__WORK TO BE COMPLETED__: Only lines, not pictures: please repeat exactly the lines from the one with "Abstract Tree Painting" through the end of the listing.

__RECORDED INFORMATION__:

====================

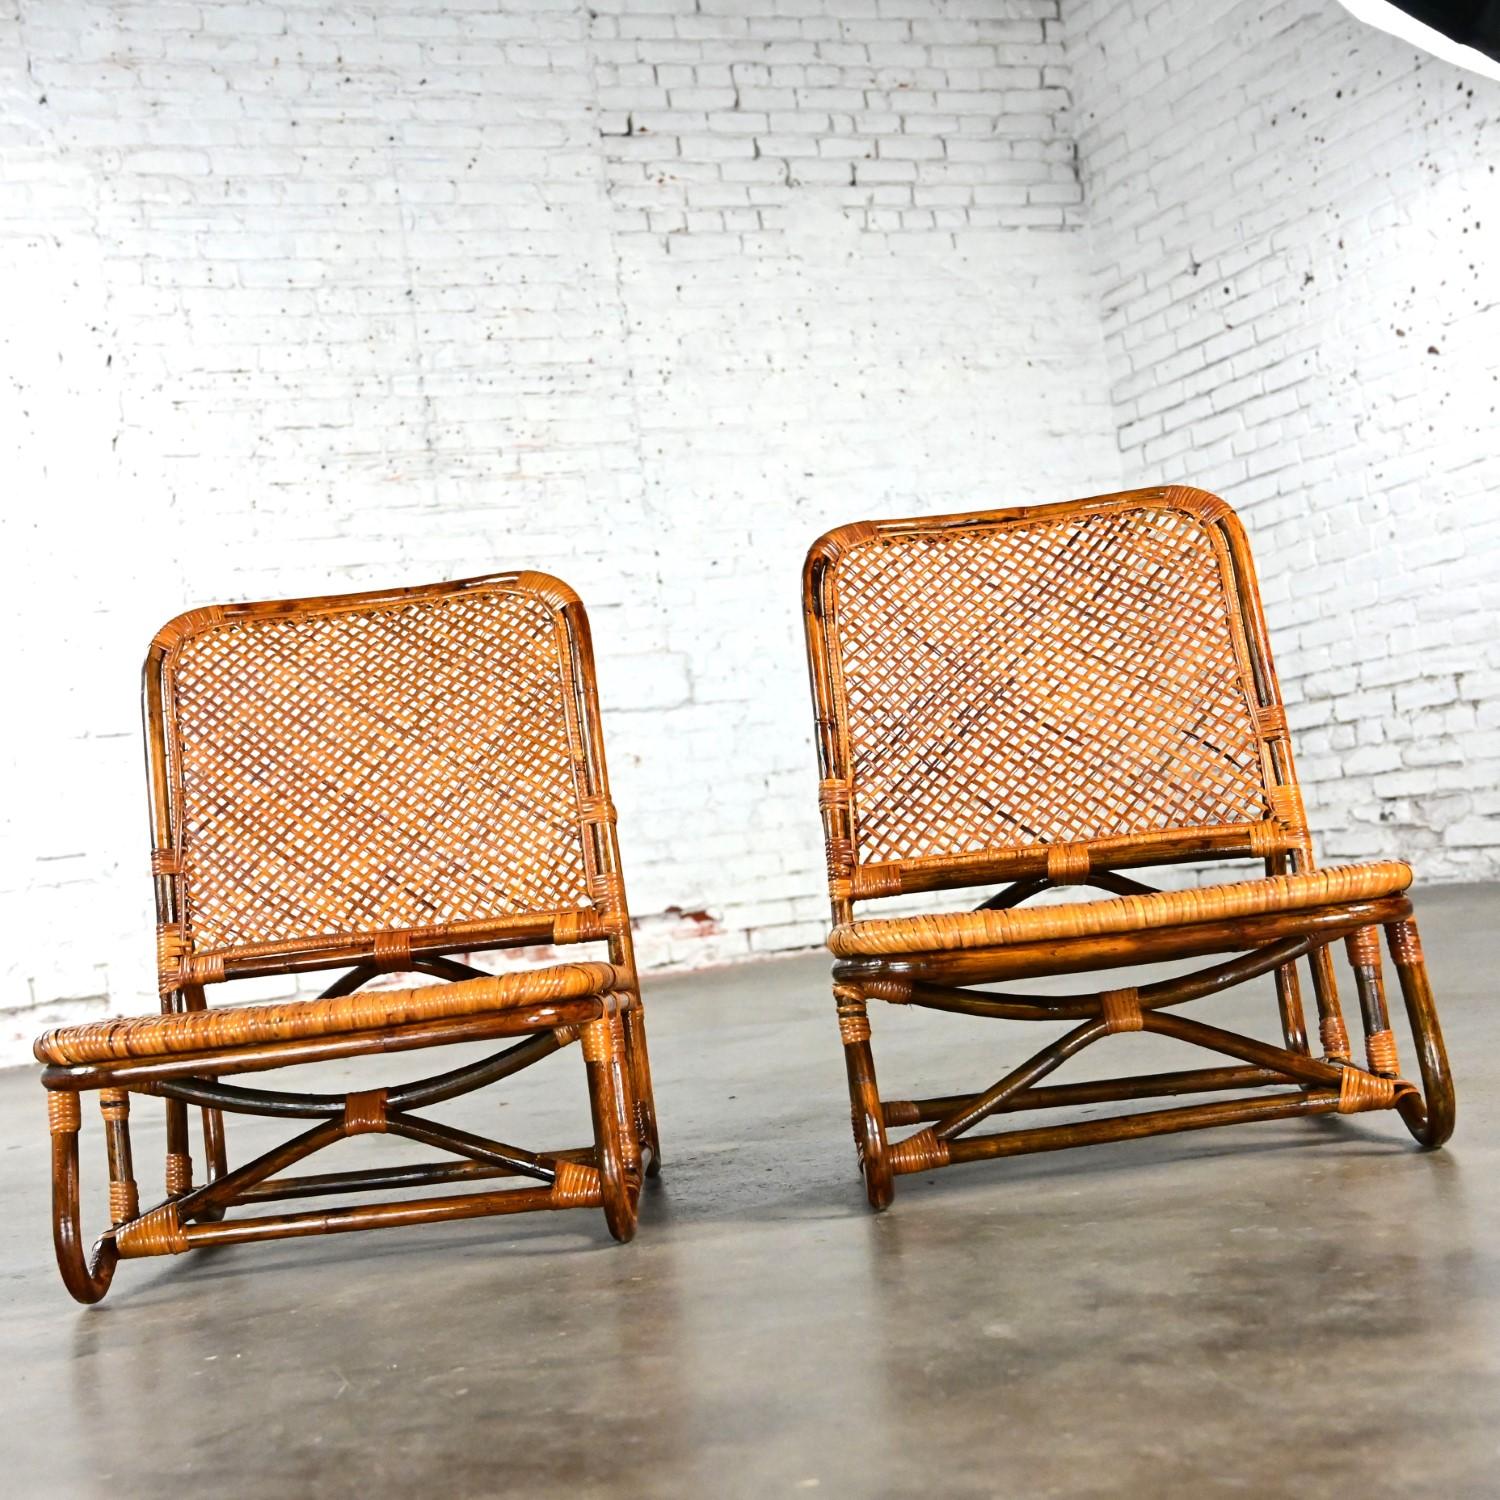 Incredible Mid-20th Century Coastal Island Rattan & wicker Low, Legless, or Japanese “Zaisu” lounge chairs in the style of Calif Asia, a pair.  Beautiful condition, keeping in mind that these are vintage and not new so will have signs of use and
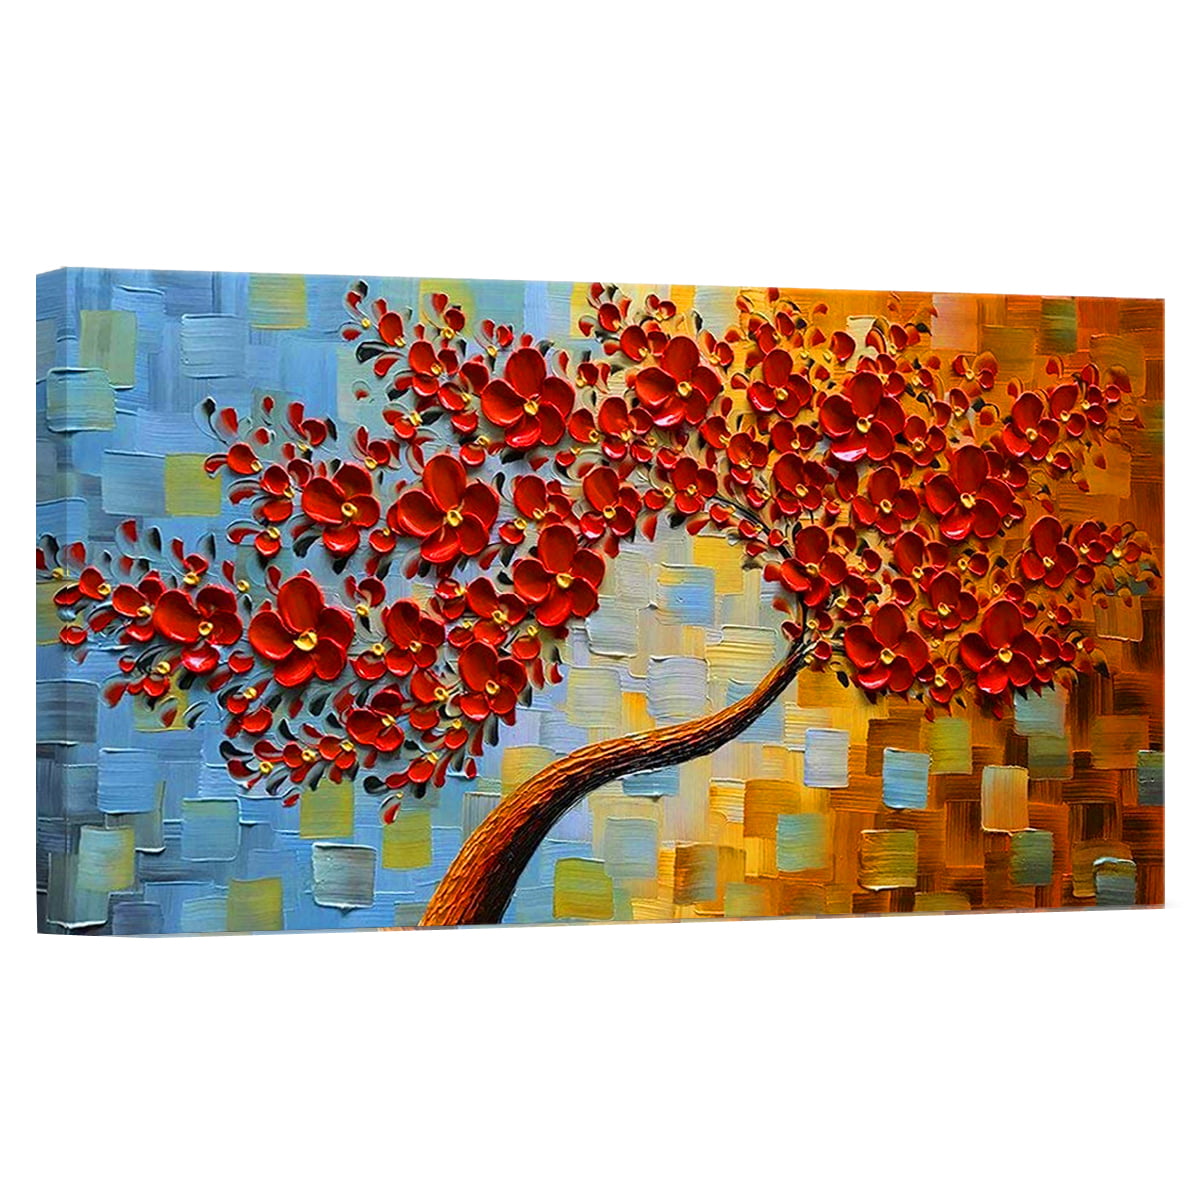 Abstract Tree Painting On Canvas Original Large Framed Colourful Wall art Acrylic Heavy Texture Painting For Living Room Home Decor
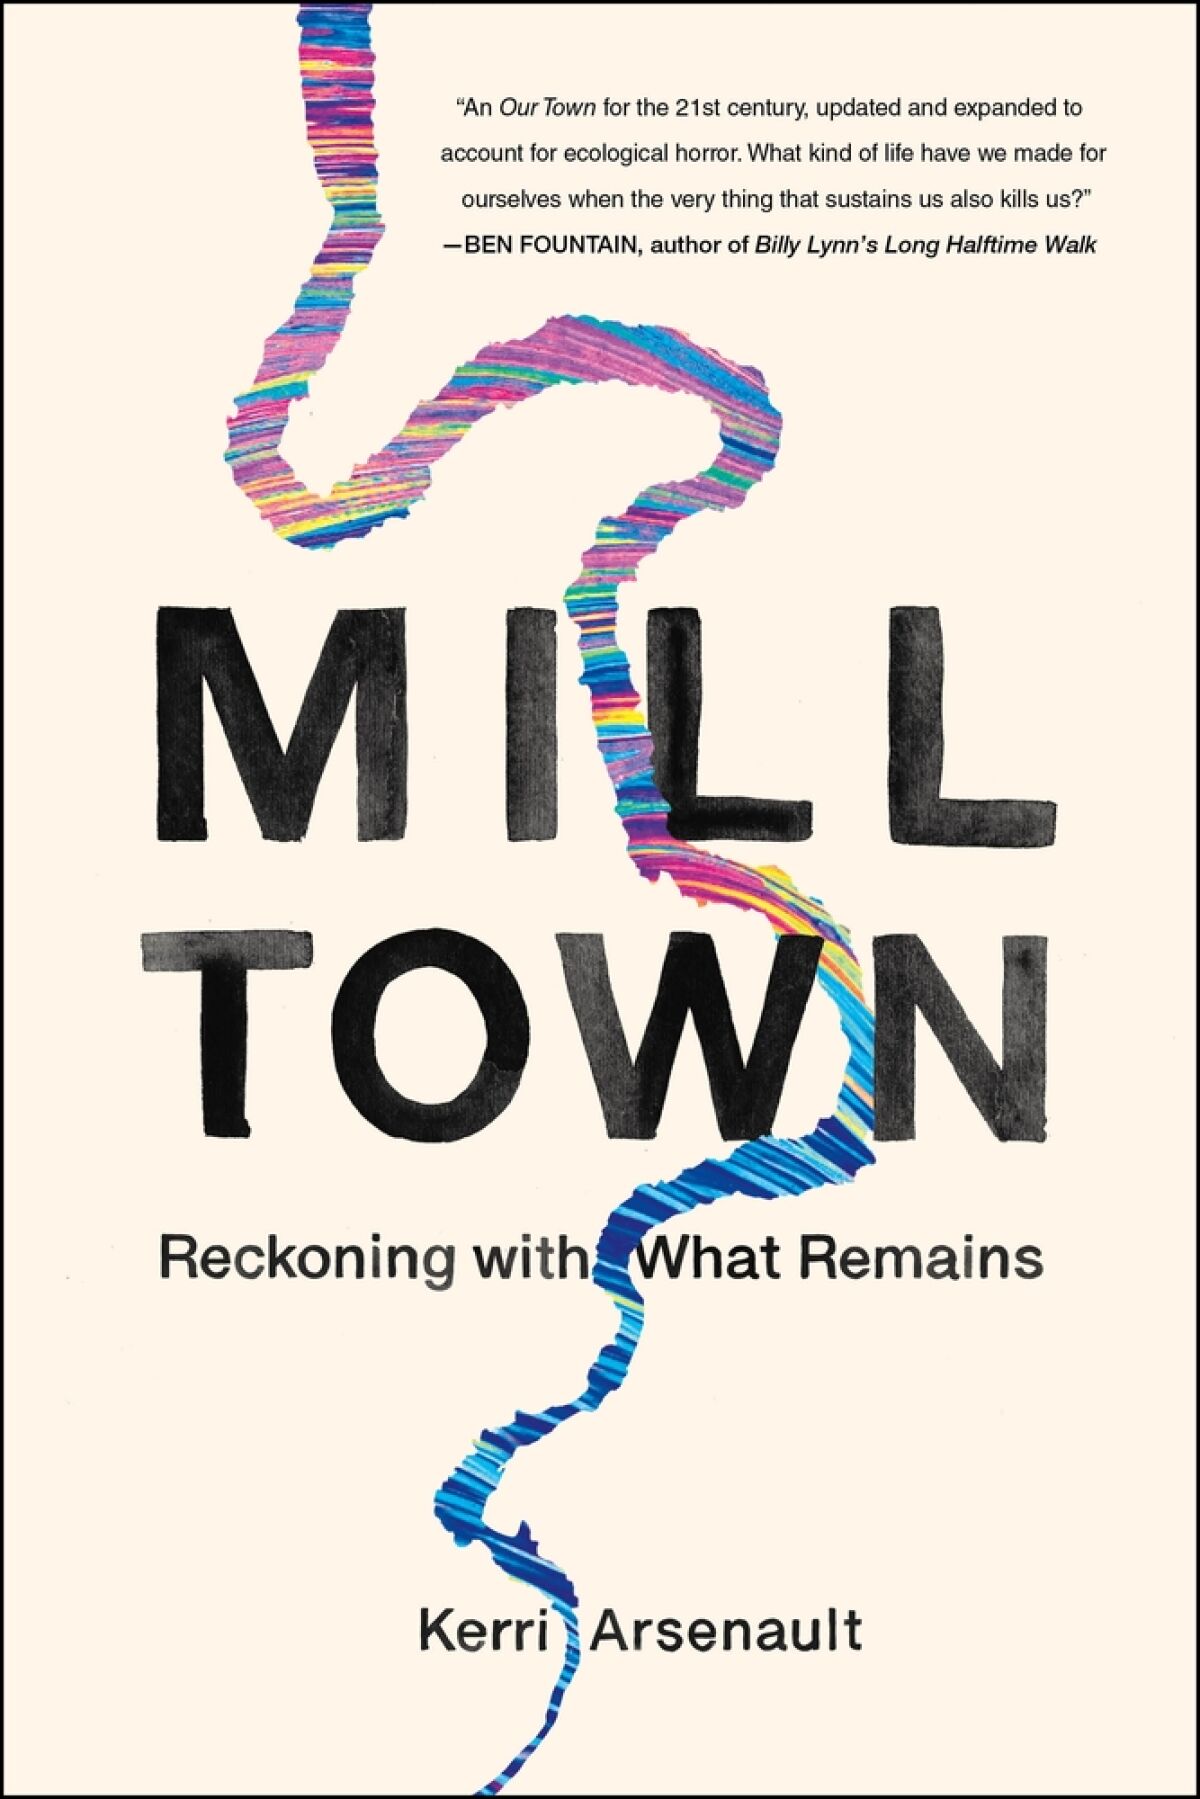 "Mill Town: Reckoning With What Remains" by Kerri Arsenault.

====================

__OUTPUT OF THE EXERCISE__:
 Abstract Tree Painting On Canvas Original Large Framed Colourful Wall art Acrylic Heavy Texture Painting For Living Room Home Decor
 "Mill Town: Reckoning With What Remains" by Kerri Arsenault.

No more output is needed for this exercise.